Mandatory prescriber education among immediate steps recommended by Trump's opioid commission

The president’s opioid commission released an interim report yesterday that called on President Donald Trump to declare a national emergency and outlined immediate steps to reverse the country’s opioid epidemic, including mandated prescriber education.

One doctor involved in educating physicians about opioids welcomed the call for more training.

“I think it’s great,” said Gregory Makris, M.D., medical director for the Altarum Center for Appropriate Care, headquartered in Ann Arbor, Michigan, in an interview with FierceHealthcare. “It’s how it’s carried out that is going to make the difference.”

The bipartisan President’s Commission on Combating Drug Addiction and the Opioid Crisis, formed by executive order of the president and chaired by New Jersey Gov. Chris Christie, released a laundry list of recommendations in an interim report (PDF) now headed to Trump’s desk.

“With approximately 142 Americans dying every day, America is enduring a death toll equivalent to September 11th every three weeks,” Christie said, as the commission met to approve the report.

The report called for the president to mandate education in opioid prescribing and on the risks of patients developing a substance use disorder by requiring all Drug Enforcement Administration registrants to take a course in the proper treatment of pain.

Four out of five heroin users begin with the use of prescription opioid painkillers, Christie said.

“This crisis began in our nation’s healthcare system. While we acknowledge that some of this inappropriate overprescribing is done illegally and for profit, we believe the overwhelming percentage is due to a lack of education on these issues in our nation’s medical and dental schools and a dearth of continuing medical education for practicing clinicians,” the commission report said.

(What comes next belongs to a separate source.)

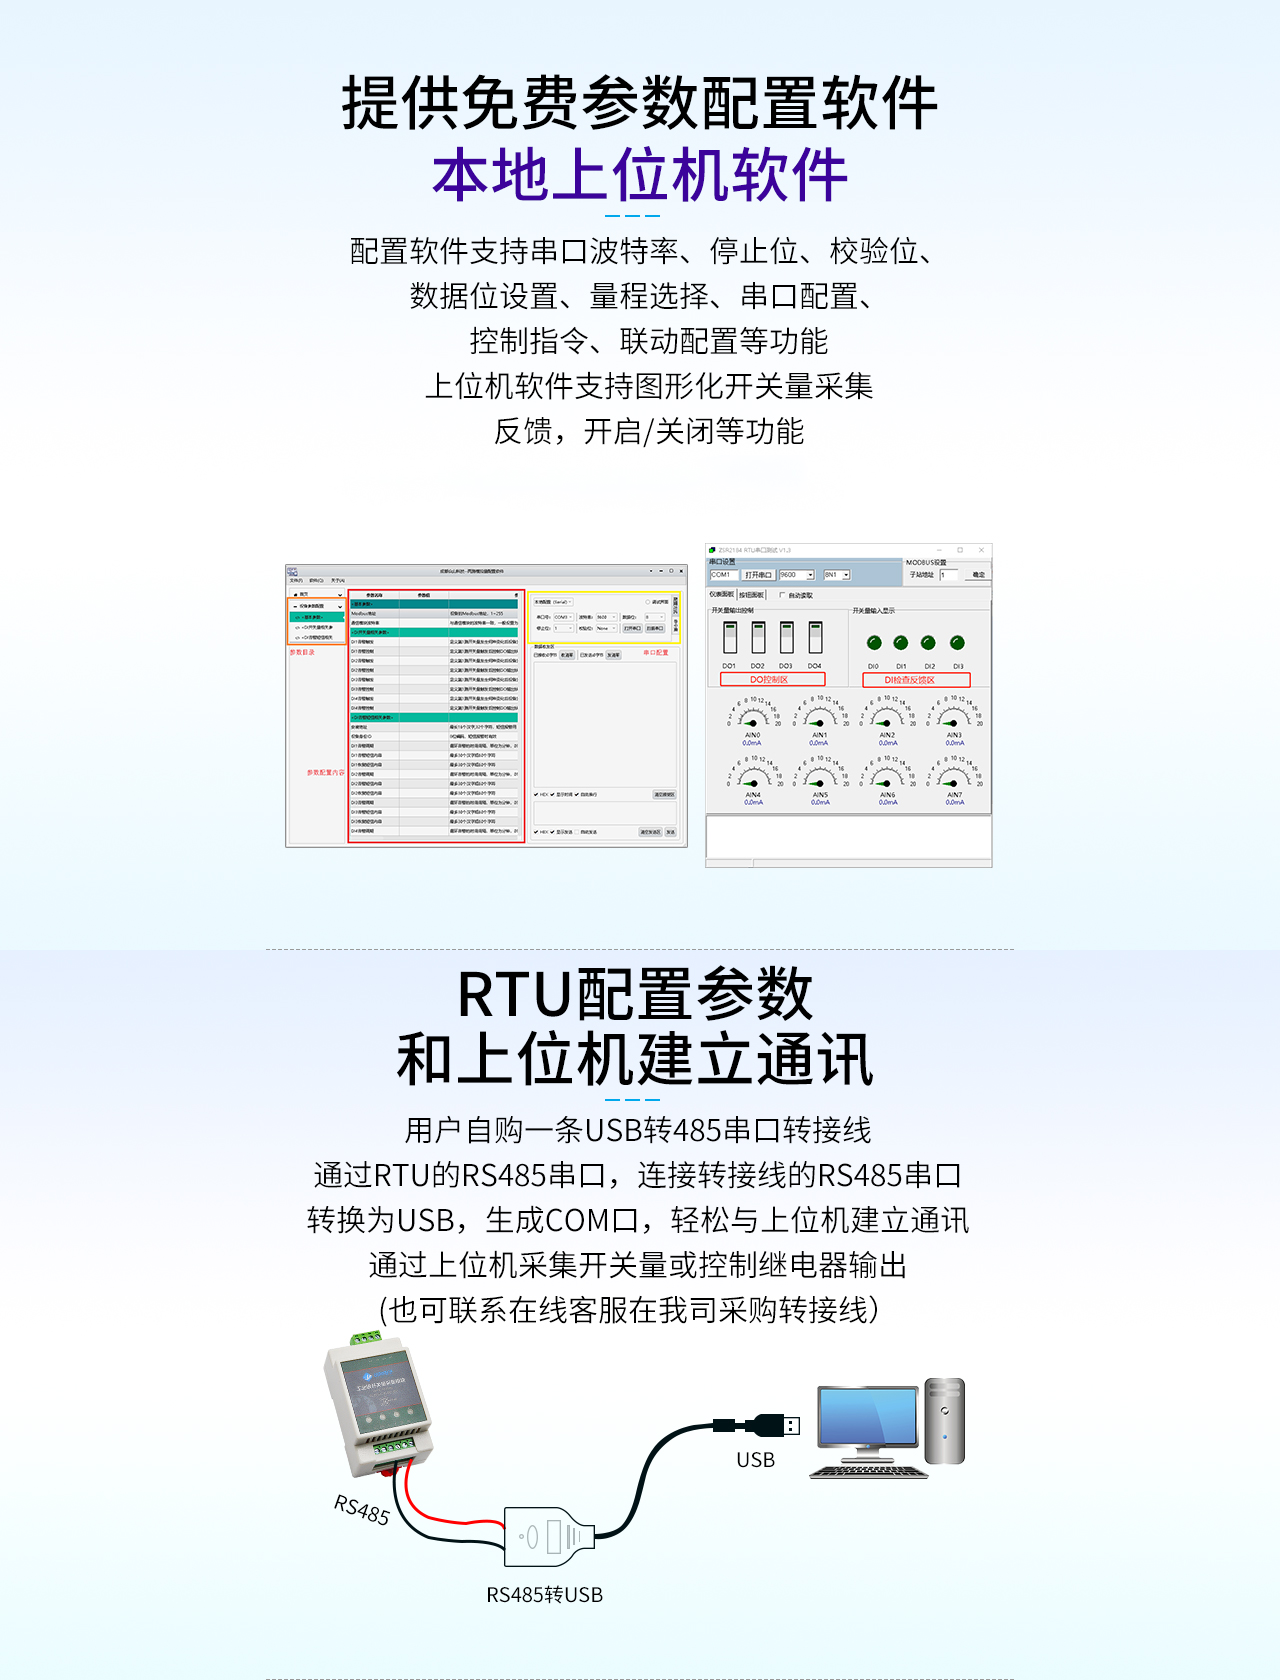 RTU配置参数和上位机建立通讯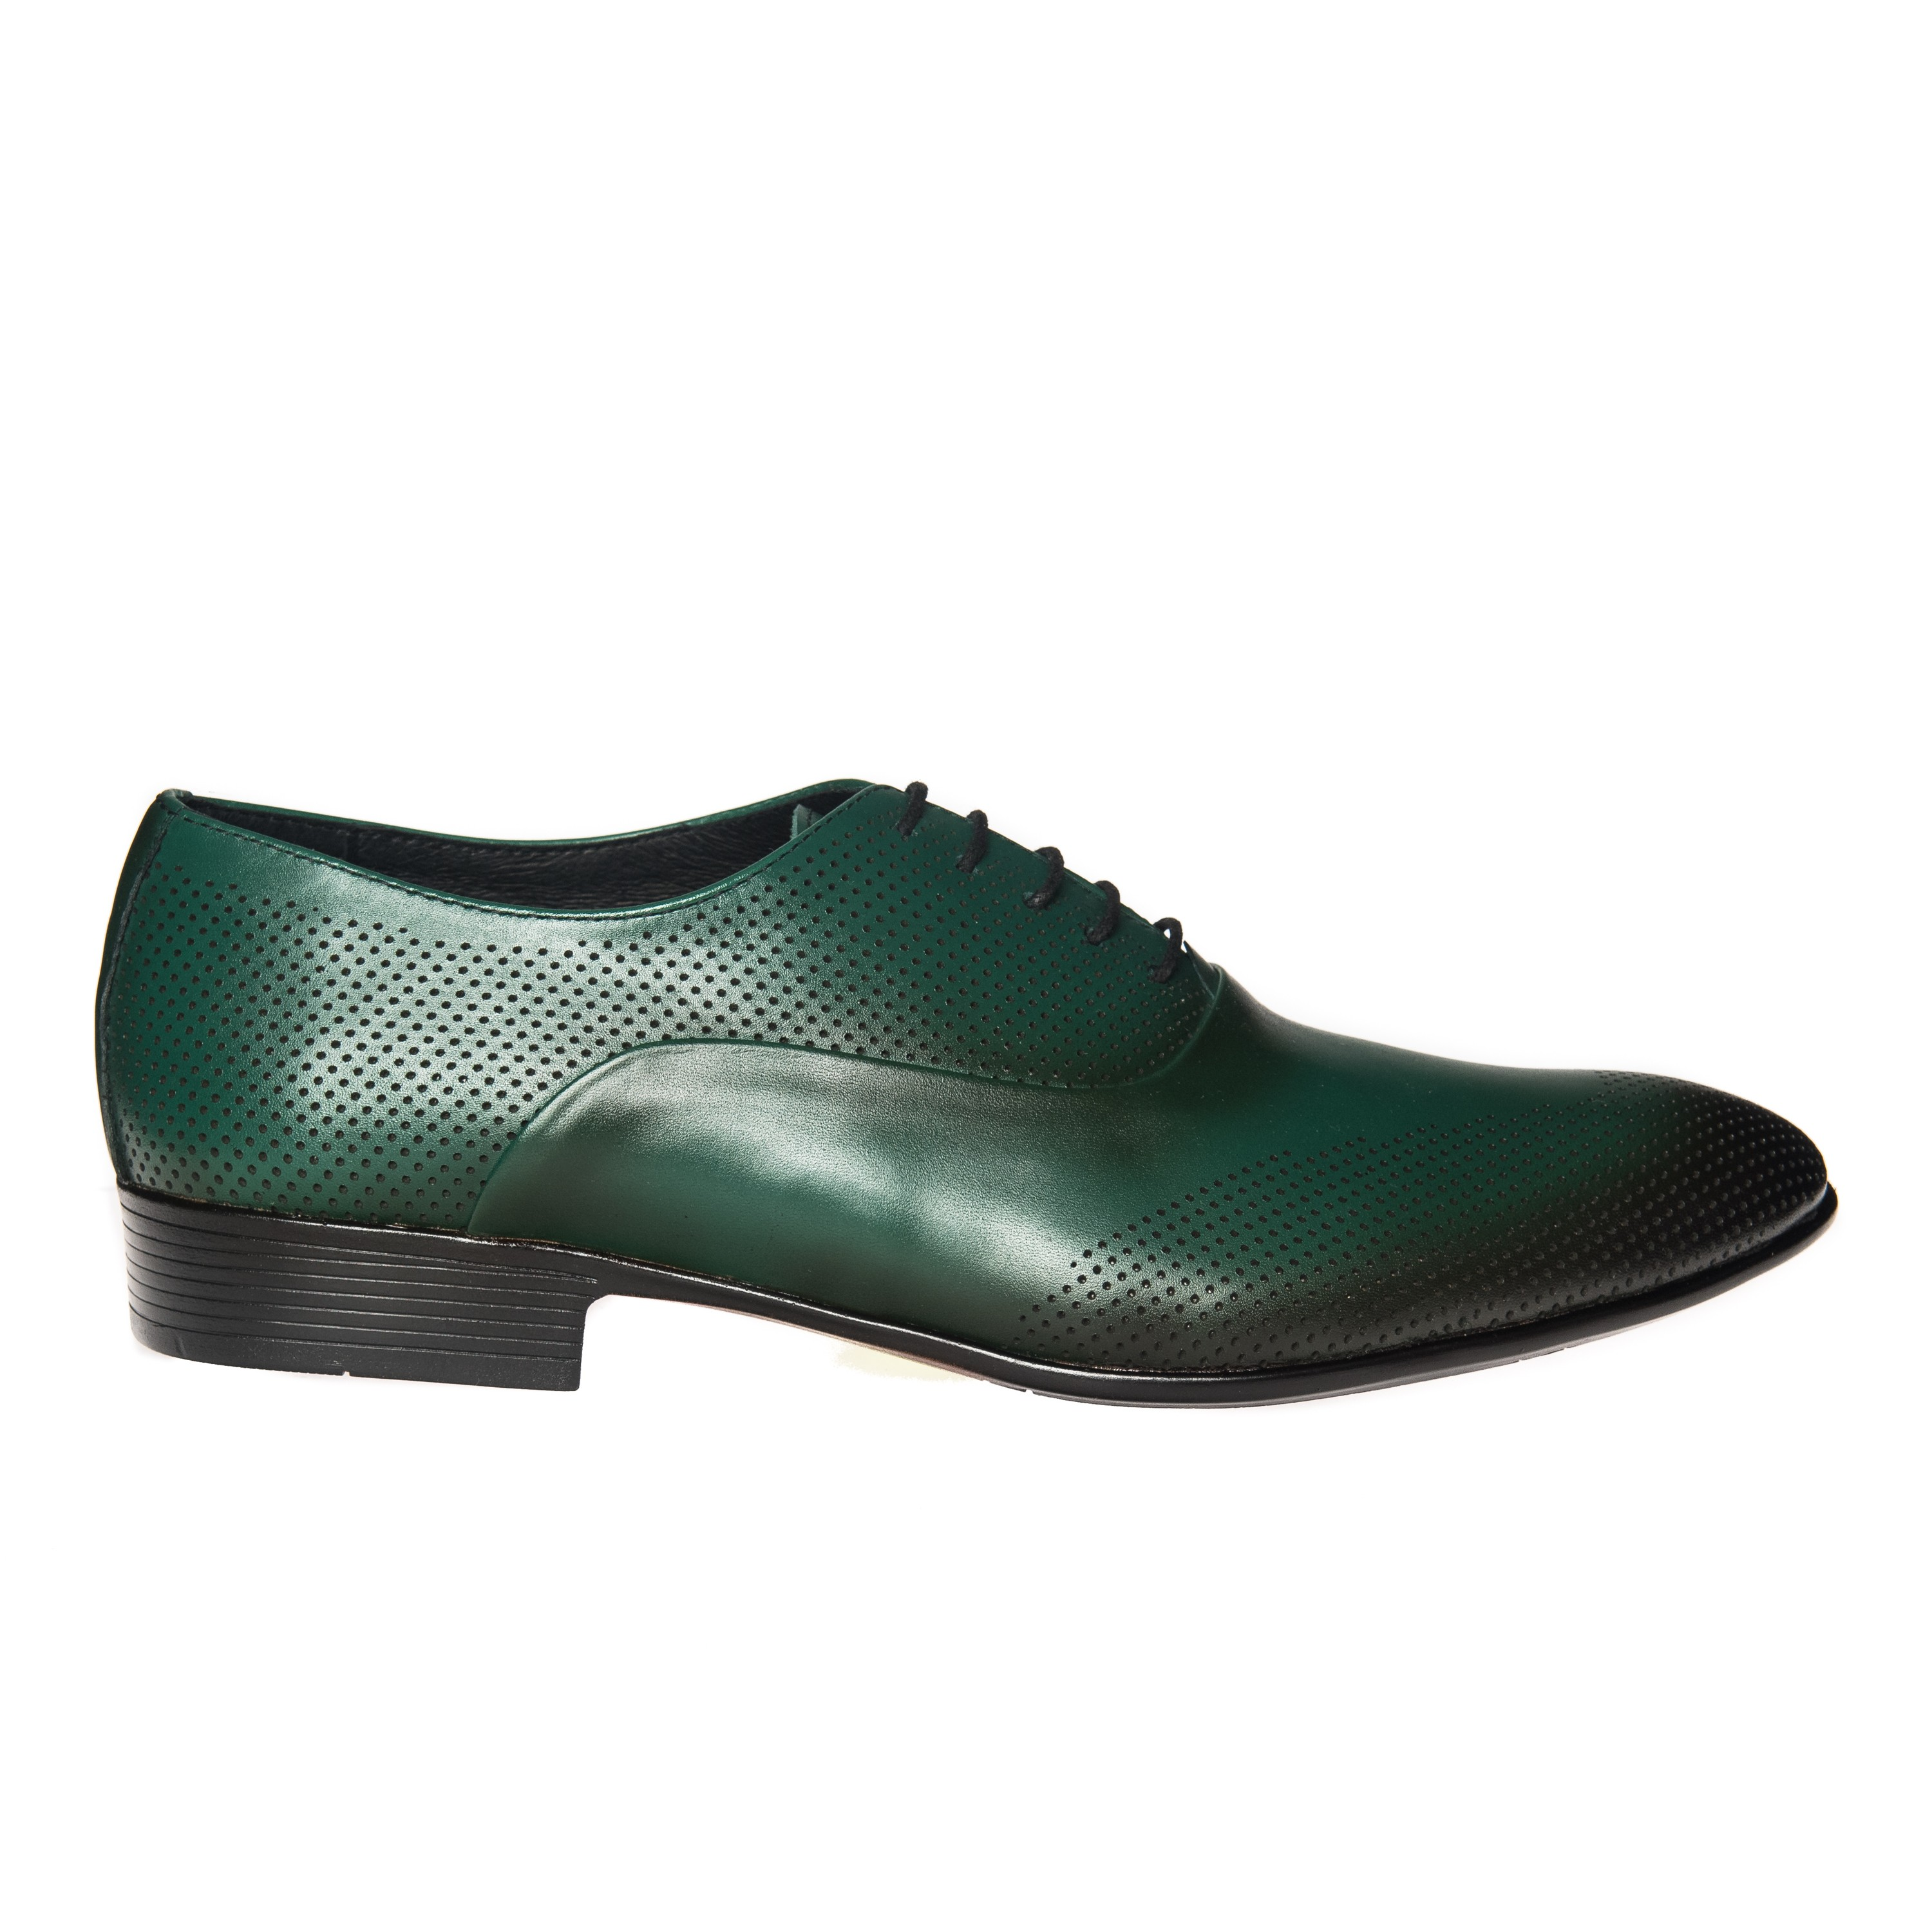 Pantofi barbati din piele naturala - Verde Perie - S 401 VP

Commission member Bertha Madras, Ph.D, said the opioid crisis cannot be solved without the involvement of the medical community and will require an evolution, if not a revolution. If physicians are not trained, patients will fall through the cracks and not receive treatment for substance abuse, she added.

The report’s release came on the same day as the funeral of an Indiana doctor who was killed for refusing to prescribe opioids.

Todd Graham, M.D., was gunned down last Wednesday by an Indiana man who then killed himself. Authorities have said that the man confronted the doctor for not prescribing an opioid for his wife’s chronic pain during an office visit that morning.

Law enforcement officials are still trying to determine if drug addiction on the part of the man or his wife played a role in the killing, according to a Washington Post report.

A doctor’s perspective

Makris has helped develop a six-month doctor education program, a partnership between Altarum and the University of Michigan Medical School and Health System. The just-launched program is different from the typical one-hour continuing education programs in that it provides physicians and practices with six months of follow-up, he said.

The program includes support tools for physicians to help improve responsible opioid prescribing and patient education. Doctors learn what to do when they assess a patient at risk for a substance use problem and are made aware of possible treatment options. The follow-up, beyond an initial class, is key to lasting change in prescriber habits, Makris said.

RELATED: White House opioid commission calls for data sharing between state and federal PDMPs by next year

Other recommendations

The opioid commission will release a final report this fall, but Christie said the group wanted to get its initial recommendations to President Trump. Other recommendations include:

  • Rapidly increase treatment capacity for patients with substance use disorders by granting waivers in all 50 states to eliminate barriers resulting from a federal exclusion that prohibits Medicaid reimbursement for mental health services provided in inpatient facilities that have more than 16 beds. That action will immediately open treatment to thousands of Americans in existing facilities. 
  • Immediately establish and fund a federal incentive to enhance access to medication-assisted treatment.
  • Provide model legislation for states to allow naloxone dispensing via standing orders, as well as requiring the prescribing of naloxone with high-risk opioid prescriptions. The commission also wants to see all law enforcement agencies equipped with life-saving naloxone, which can reverse the effects of an overdose.
  • Prioritize funding and manpower to federal agencies to quickly develop and disseminate fentanyl detection sensors to staunch the flow of deadly synthetic opioids.
  • Provide federal funding and technical support to states to enhance interstate data sharing among state-based prescription drug monitoring programs.
  • Better align, through regulation, patient privacy laws that would soften HIPAA regulations when patients overdose.
  • Enforce the Mental Health Parity and Addiction Equity Act to ensure health plans cannot impose less favorable benefits for mental health and substance use diagnoses verses physical health diagnoses.